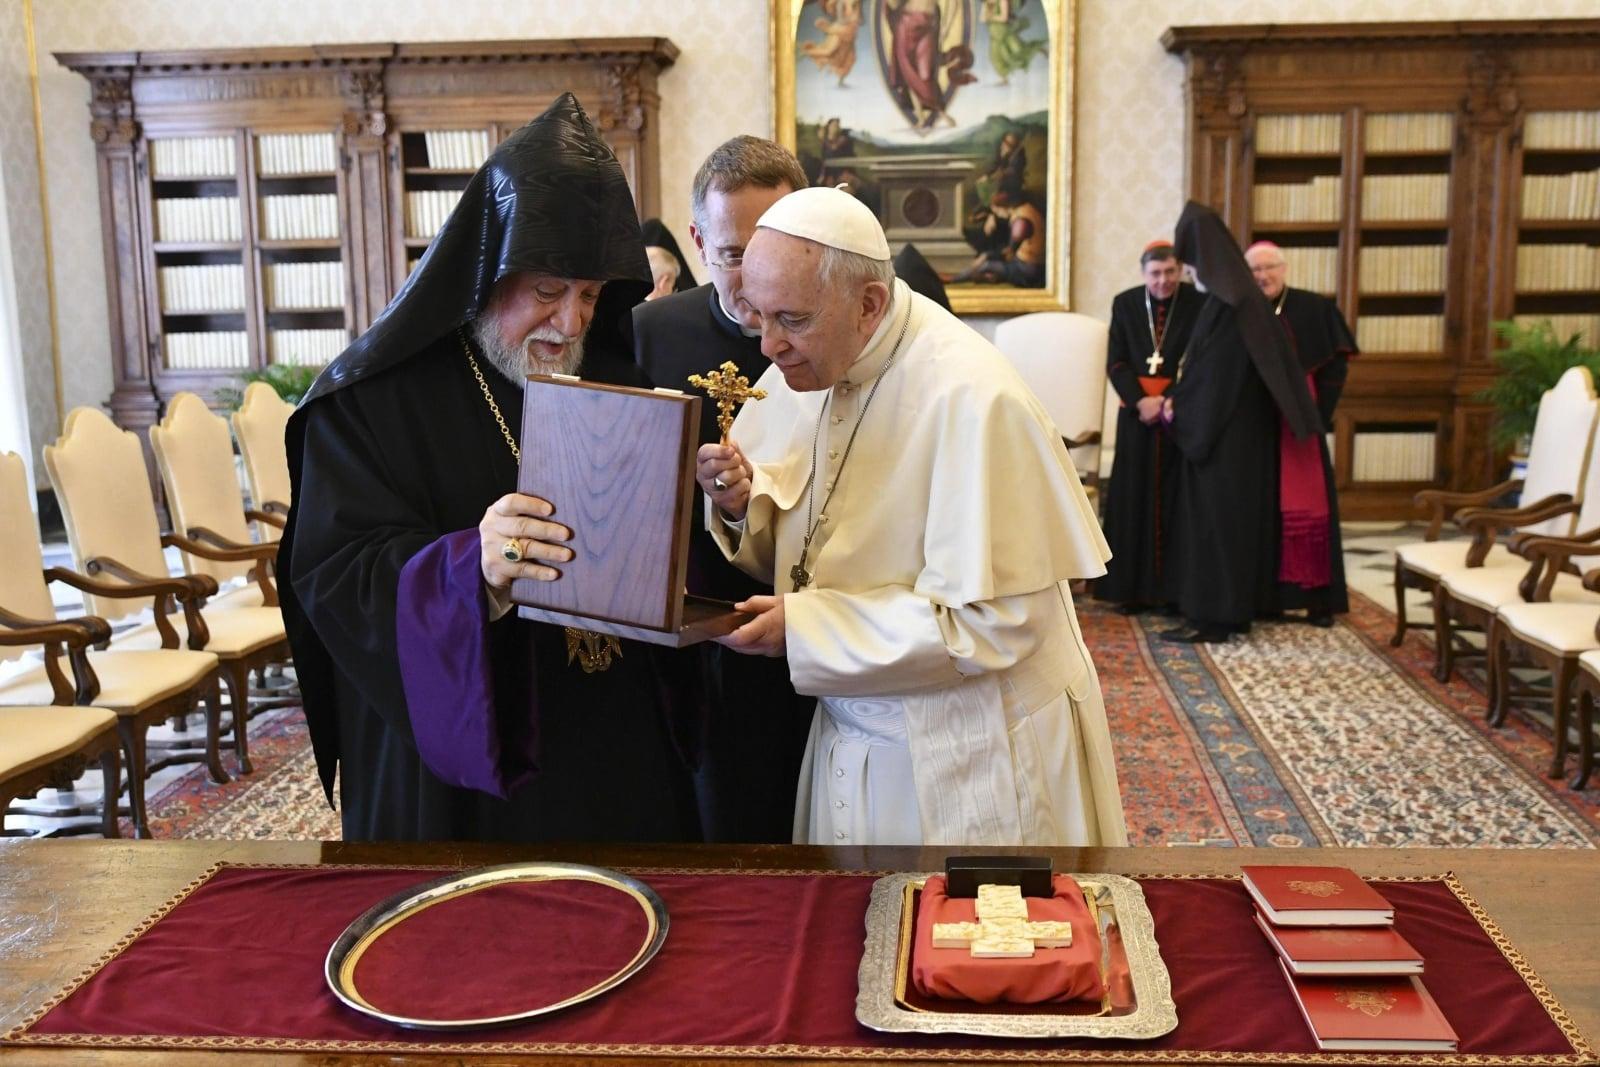 Przedstawiciele Kościoła armeńskiego u papieża Franciszka  EPA/ALBERTO PIZZOLI
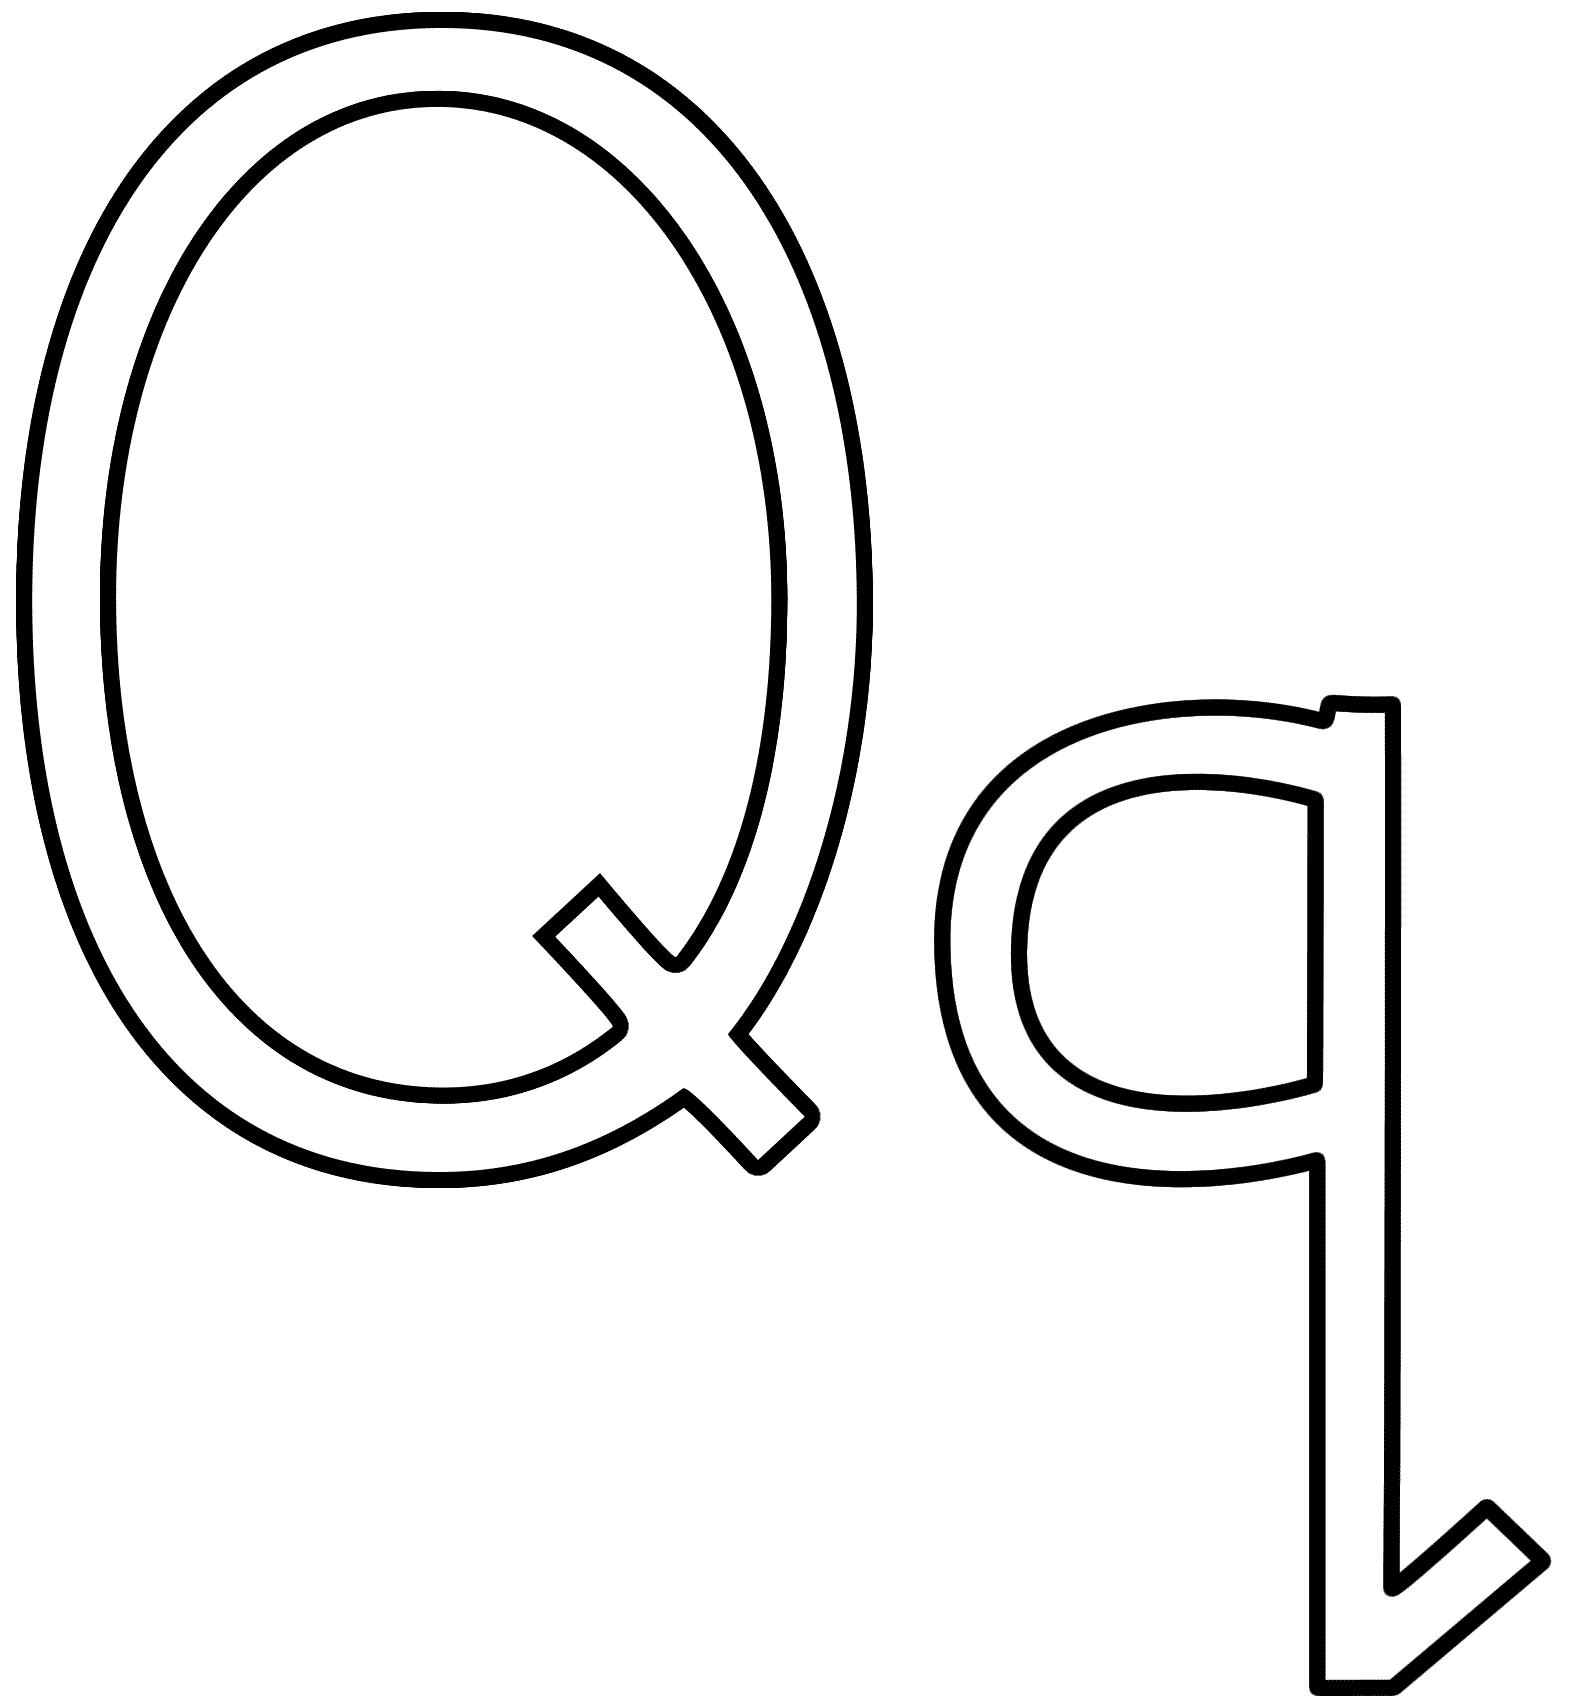 Coloring Pages For Q : Coloring pages letter q az
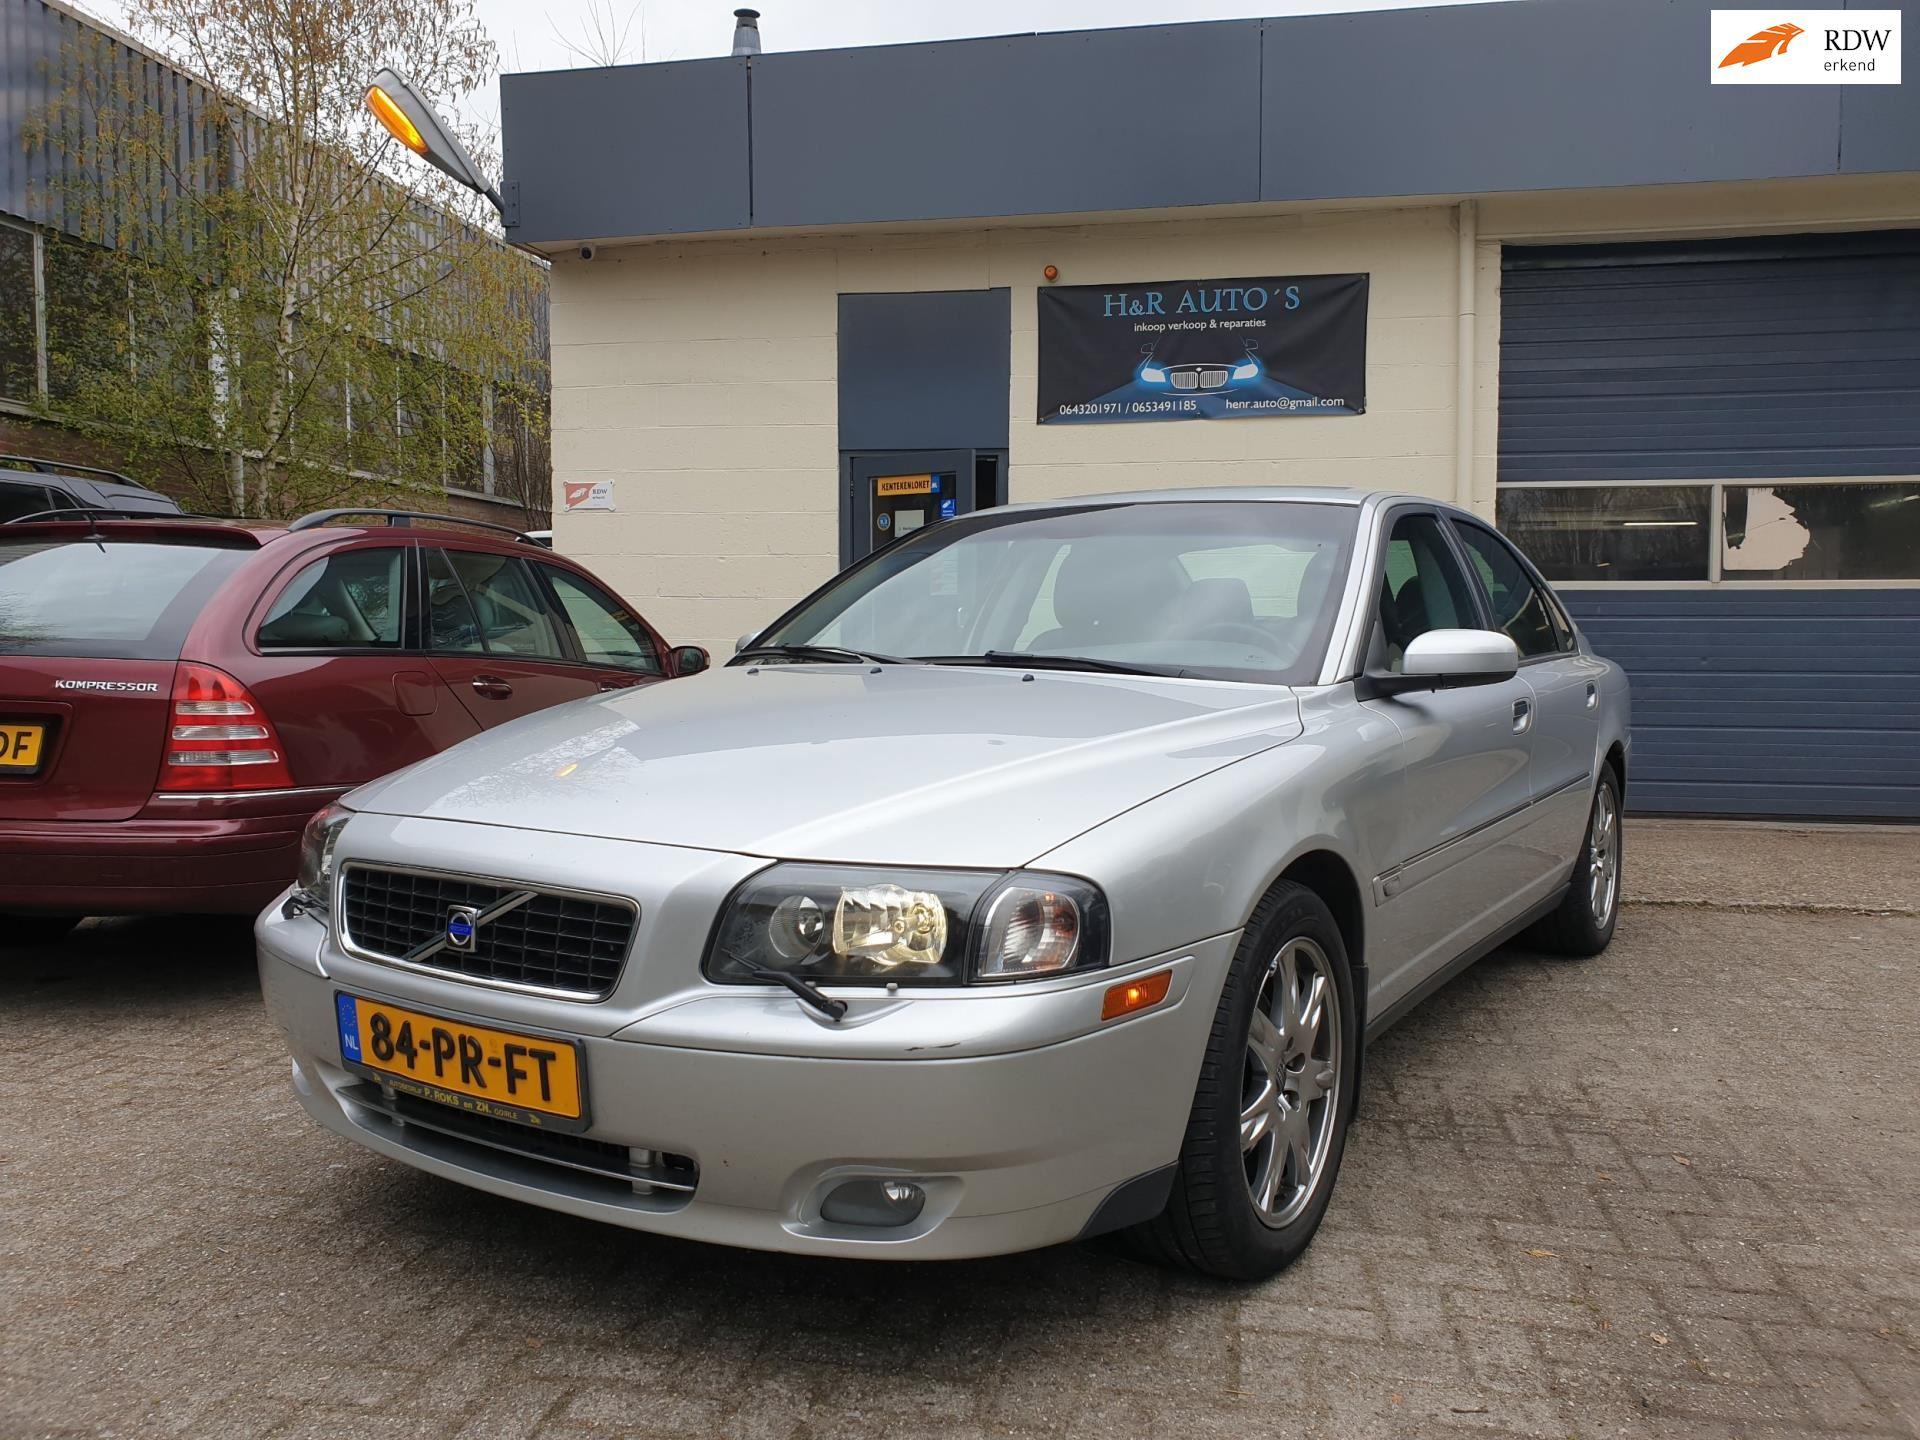 Volvo S80 occasion - H&R Auto's

--

• EXERCISE PROMPT: Retype the material in full, exactly as written, and exclude the pictures.

• ANSWER SPACE:
 Przedstawiciele Kościoła armeńskiego u papieża Franciszka  EPA/ALBERTO PIZZOLI
 Coloring Pages For Q : Coloring pages letter q az
 Volvo S80 occasion - H&R Auto's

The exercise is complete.